Competing, Coverage-Dependent Decomposition Pathways for C_2H_y Species on Nickel (111)

Abstract

Competing, coverage-dependent pathways for ethane (CH_3CH_3) decomposition on Ni(111) are proposed on the basis of quantum mechanics (QM) calculations, performed by using the PBE flavor of density functional theory (DFT), for all C_2H_y species adsorbed to a periodically infinite Ni(111) surface. For CH_2CH_3, CHCH_3, and CCH_3, we find that the surface C is tetrahedral in each case, with the surface C forming bonds to one, two, or three Ni atoms with bond energies scaling nearly linearly (E_(bond) = 32.5, 82.7, and 130.8 kcal/mol, respectively). In each of the remaining six C_2H_y species, both C atoms are able to form bonds to the surface. Three of these (CH_2CH_2, CHCH_2, and CCH_2) adsorb most favorably at a fcc-top site with the methylene C located at an on-top site and the other C at an adjacent fcc site. The bond energies for these species are E_(bond) = 19.7, 63.2, and 93.6 kcal/mol, respectively. The remaining species (CHCH, CCH, and C_2) all prefer binding at fcc-hcp sites, where the C atoms sit in a pair of adjacent fcc and hcp sites, with binding energies of E_(bond) = 57.7, 120.4, and 162.8 kcal/mol, respectively.

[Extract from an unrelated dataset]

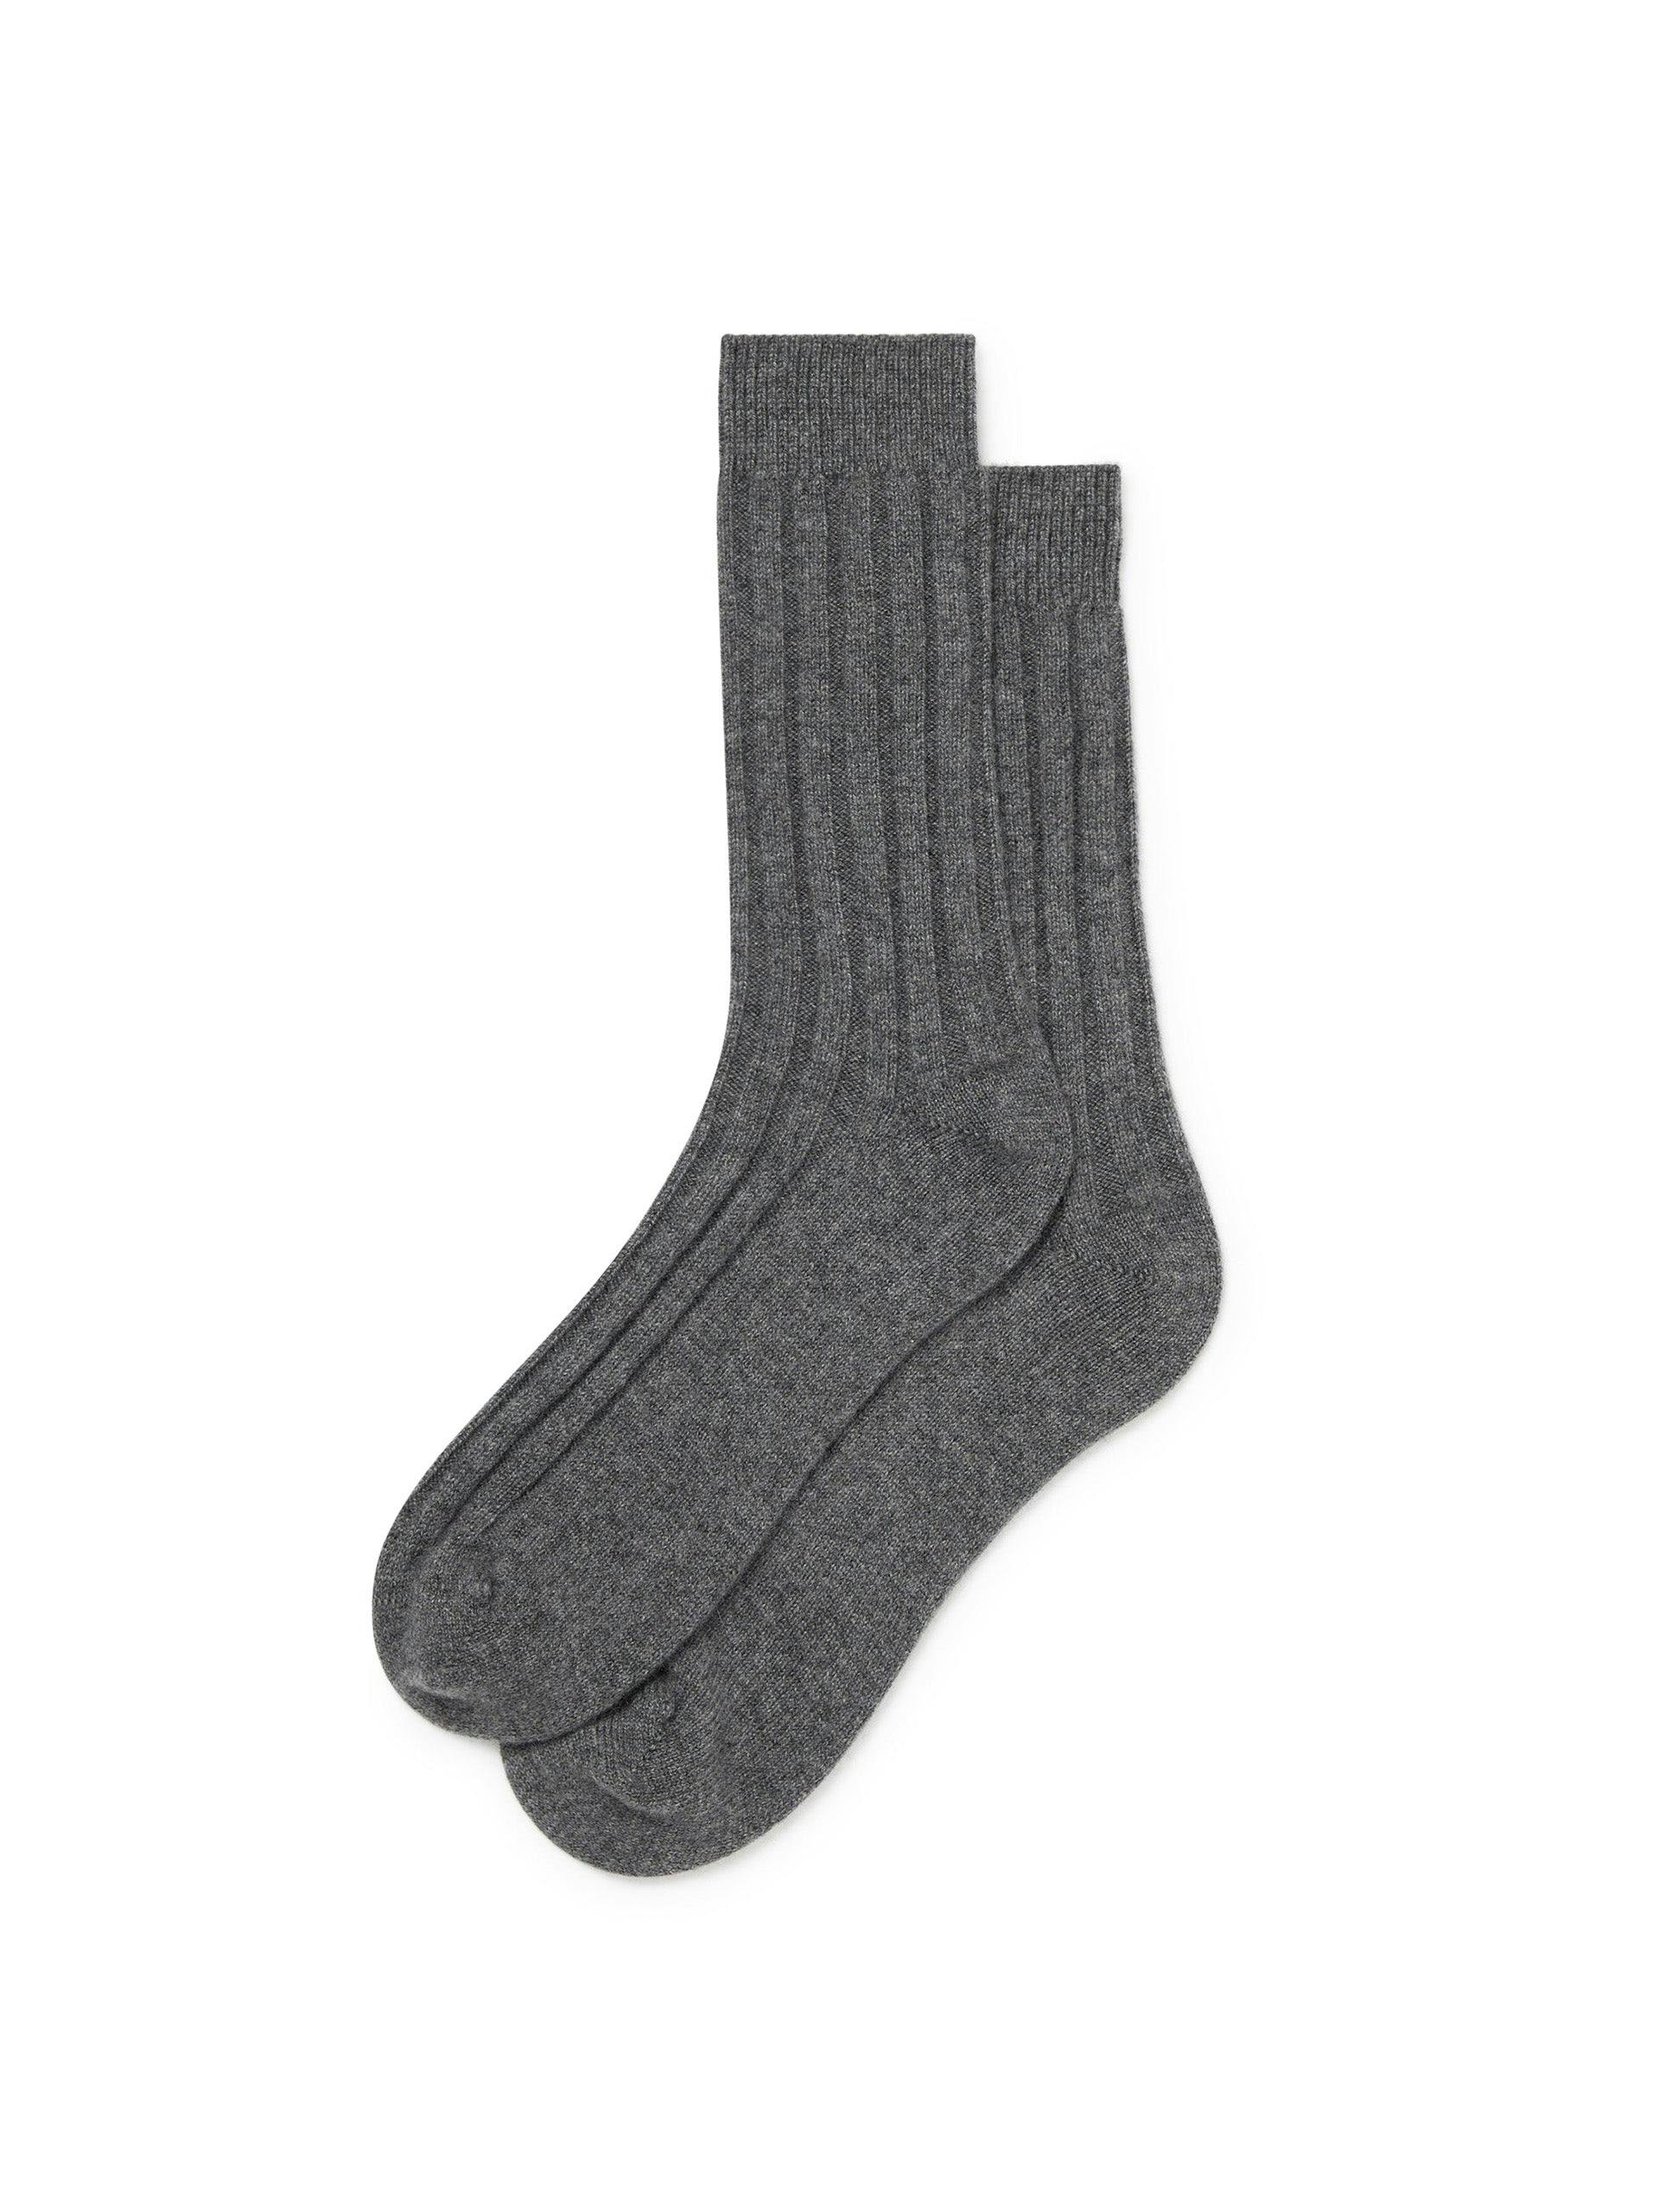 Men’s cashmere socks in Slate

We find that CHCH_(ad) is the most stable surface species (ΔH_(eth) = −18.6), and an important intermediate along the lowest-energy decomposition pathway for ethane on Ni(111). The second most stable species, CCH_3, is a close competitor (ΔH_(eth) = −18.2 kcal/mol), lying along an alternative decomposition pathway that is preferred for high-surface-coverage conditions. The existence of these competing, low- and high-coverage decomposition pathways is consistent with the experiments. The QM results reported here were used as training data in the development of the ReaxFF reactive force field describing hydrocarbon reactions on nickel surfaces [Mueller, J. E.; van Duin, A: C. T.; Goddard, W. A. J. Phys. Chem. C 2010, 114, 4939−4949]. This has enabled Reactive dynamics studying the chemisorption and decomposition of systems far too complex for quantum mechanics. Thus we reported recently, the chemisorption and decomposition of six different hydrocarbon species on a Ni_(468) nanoparticle catalysts using this ReaxFF description [Mueller, J. E.; van Duin, A: C. T.; Goddard, W. A. J. Phys. Chem. C 2010, 114, 5675−5685].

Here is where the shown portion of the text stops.